As of Debian 12 'Bookworm', you need a virtual python environment:
apt-get install python3-venv python3-yaml
python3 -m venv zfstoolbox --system-site-packages
cd zfstoolbox/ && source zfstoolbox/bin/activate
python3 -m pip install execo
apt-get install python3-venv
python3 -m venv zfstoolbox
cd zfstoolbox/ && source zfstoolbox/bin/activate
python3 -m pip install execo PyYAML
Copy files shown in example above, in the newly created hierarchy, with correct chmod (user r/w, user exec bit). Make sure your user can read/write into conf, cron and log directories. See zfs_defaults.yml
.
Then enter your virtualenv, cd zfstoolbox/ && source bin/activate
, and start to work.
You can exit your virtualenv with: deactivate
.
For each automated snapshot/replica on a zfs dataset, a YAML configuration file
is needed: manage_conf.py
helps create it.
- interactive
- create the yaml config file
- create the crontab file
- restart cron for new crontab to be handled
usage:
manage_conf.py {command} {type} <volume> [<crontab options> <args>]

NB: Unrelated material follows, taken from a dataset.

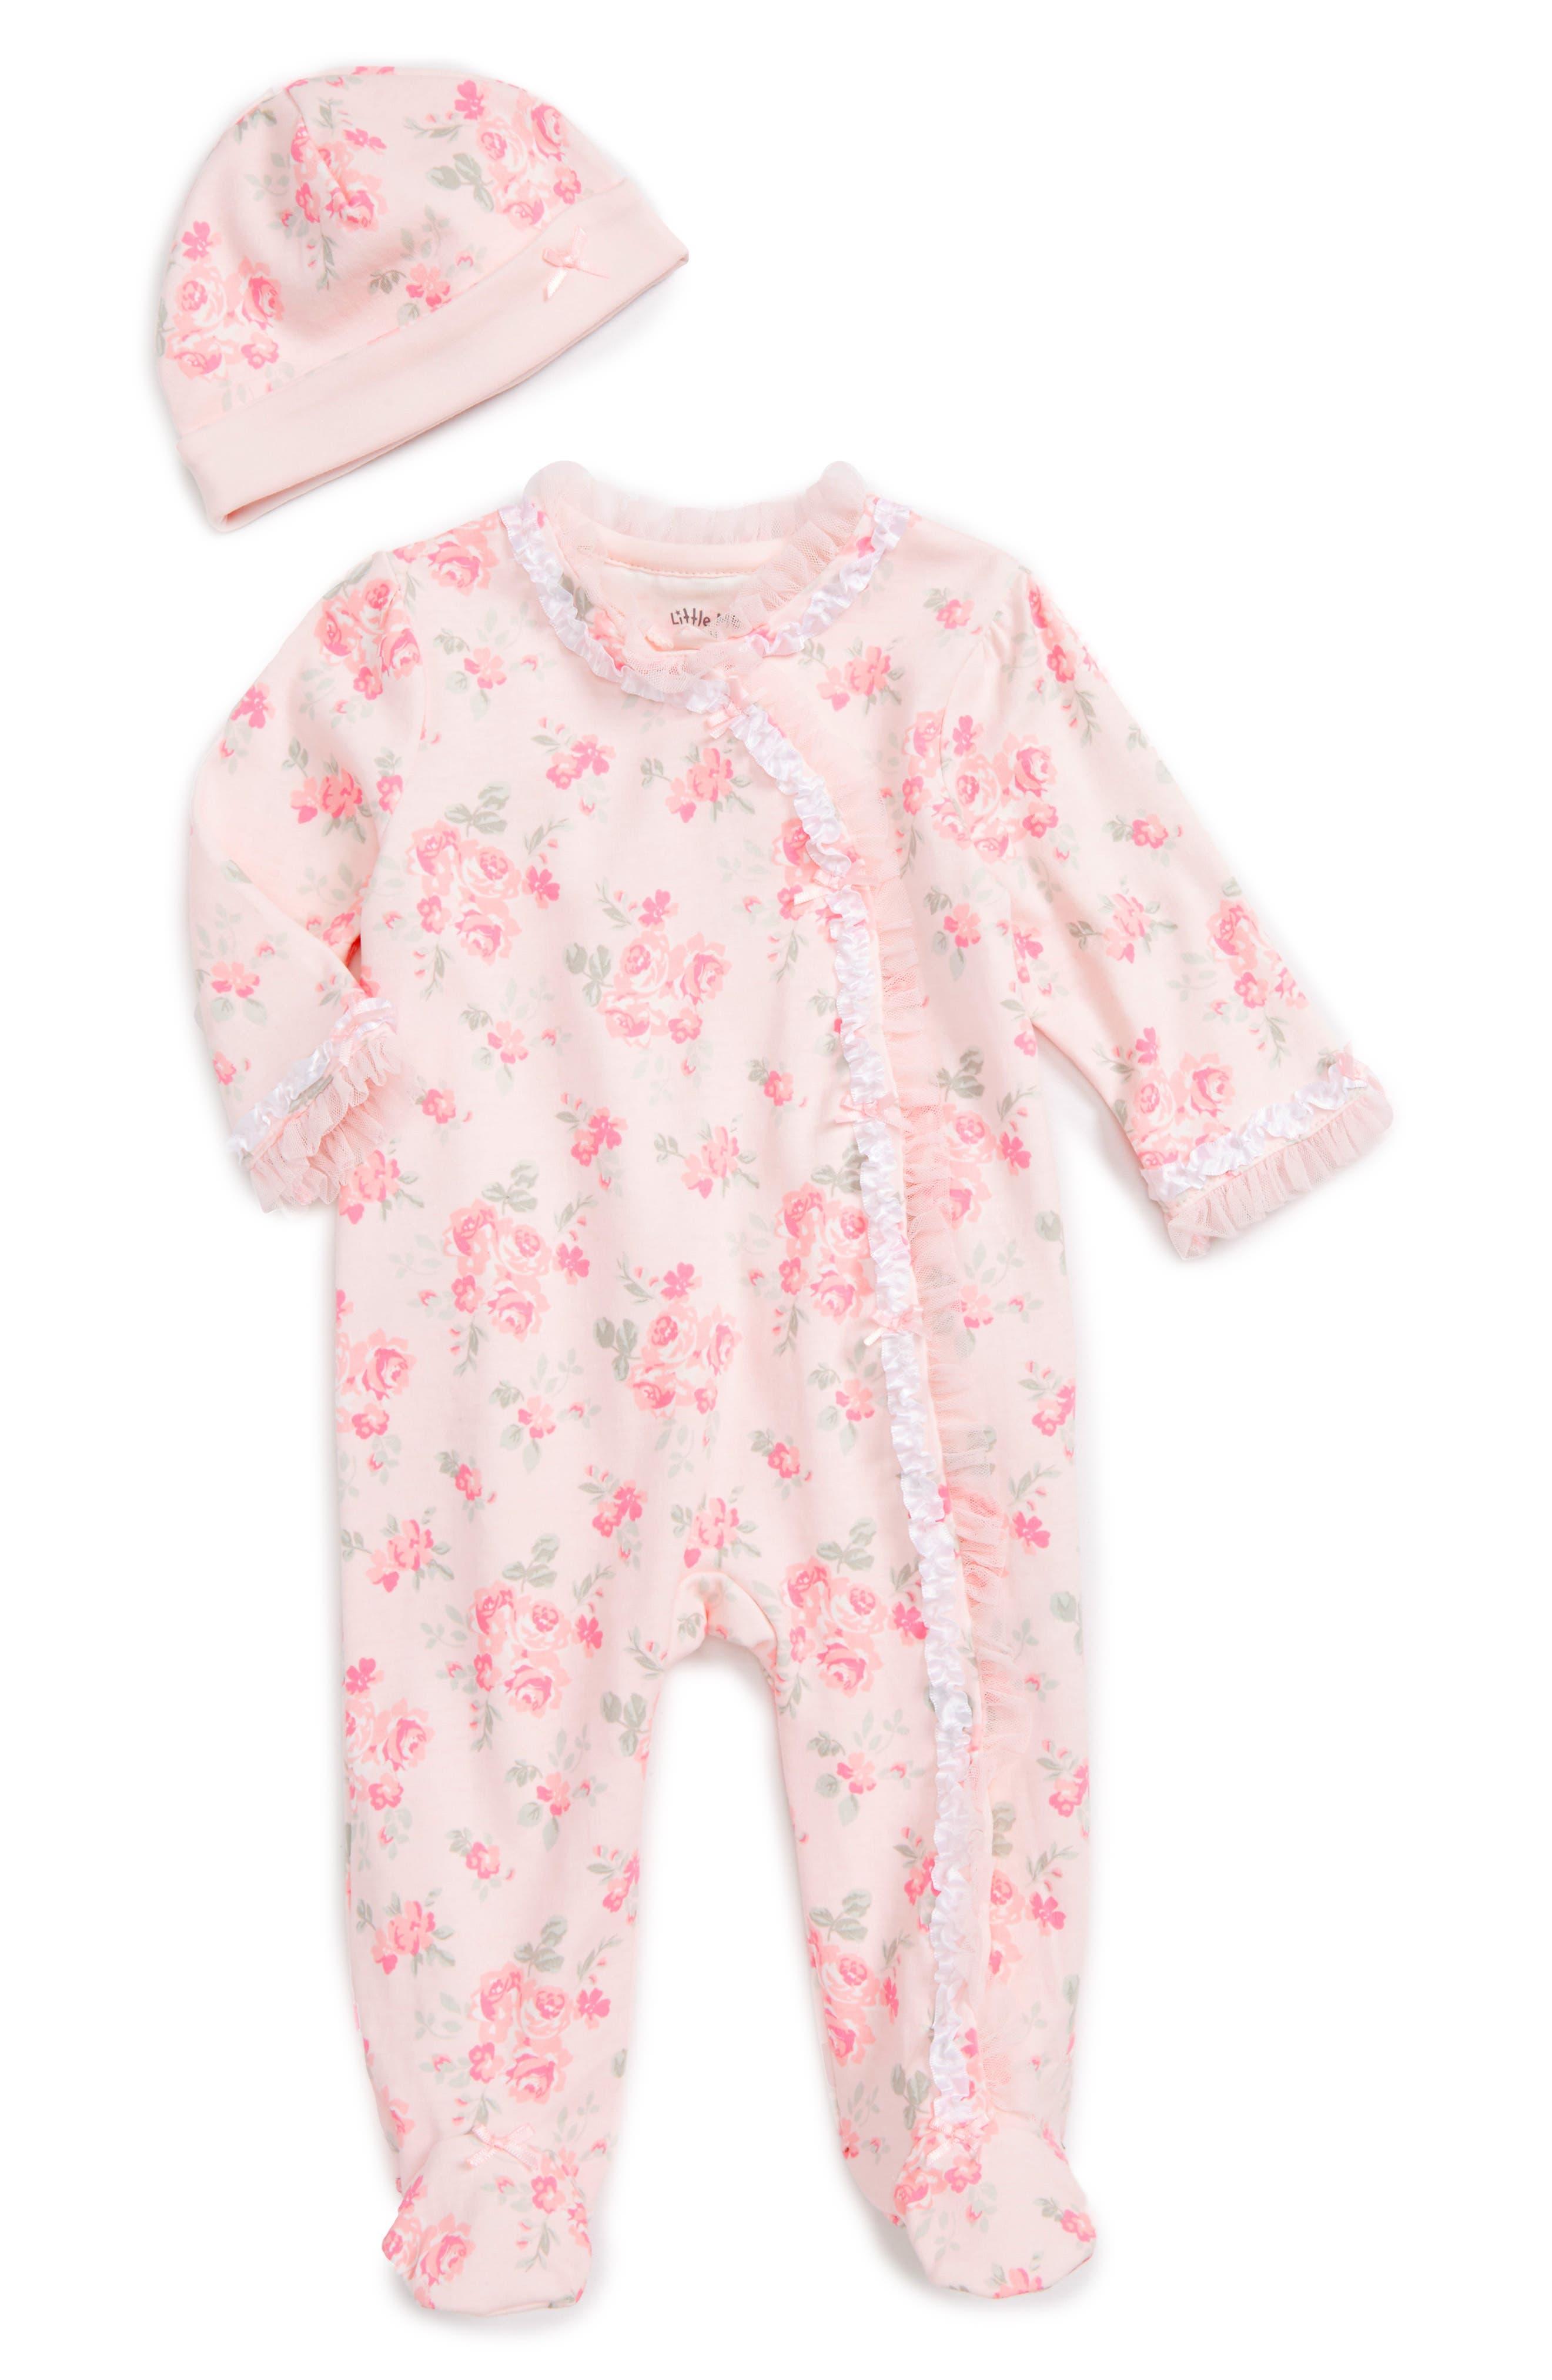 Footie & Beanie Set,                             Main thumbnail 1, color,                             Pink Floral

Enable or disable a configuration for automated snapshots or replicas.
Where {command} is:
enable enable a new configuration and activate it
disable or disable (and erase) an existing configuration
Where {type} is:
--snapshot configuration for snapshot(s) on <volume>
--replica or configuration for replica(s) of <volume>
<volume> mandatory zfs volume name
<crontab options> are:
-H, --hour Hour parameter (mandatory for enable)
-m, --minute minute parameter (mandatory for enable)
-DM, --dayofmonth Day of Month parameter
-M, --month Month parameter
-DW, --dayofweek Day of Week parameter
<args> can be:
-d, --debug toggle debug ON
-l, --log toggle log ON
-r, --retention RETENTION
retention in days [default: 7]
--mail [MAIL] let cron send an email for each snapshot/replica
(default: no, [default: root])
For a replica, there are more optional <args>:
-t, --target TARGET zfs target pool name [default: None, same as source]
-s, --server SERVER server hosting replication target [default: localhost]
--simple replica type: simple, only target pool and last dataset [default]
--complete or complete, target pool plus complete source dataset'
--latest replica archive: only latest snapshot [default]
--oldest or complete set of snapshots
positional arguments:
command enable or disable
optional arguments:
-h, --help show this help message and exit
example: python3 manage_conf.py enable --snapshot data/volume -H 1 -m 0
Will create a configuration yaml file, to do a snapshot at 01:00 everyday, for zfs dataset 'data/volume', with a retention of 7 days, without log, debug and recapitulative mail. Will also create the corresponding crontab, and can activate it by restarting cron service.
example: python3 manage_conf.py enable --snapshot --log -r 15 -H 22 -m 15 -DW 0 data/volume --mail
Will create a configuration yaml file, to do a snapshot at 22:15 every Sunday, for zfs dataset 'data/volume', with a retention of 15 days, with log, without debug, but with recapitulative mail (to system default, usualy root). Will also create the corresponding crontab, and can activate it by restarting cron service.
If you need to run snapshot more than one by day, you should create a simple crontab file, then modify it to your needs (man crontab), then restart cron service.
Be aware that zfs_actions.py destroy snapshot on a daily basis, hence all snapshots created the same day, will be destroyed snapshot day + retention days later.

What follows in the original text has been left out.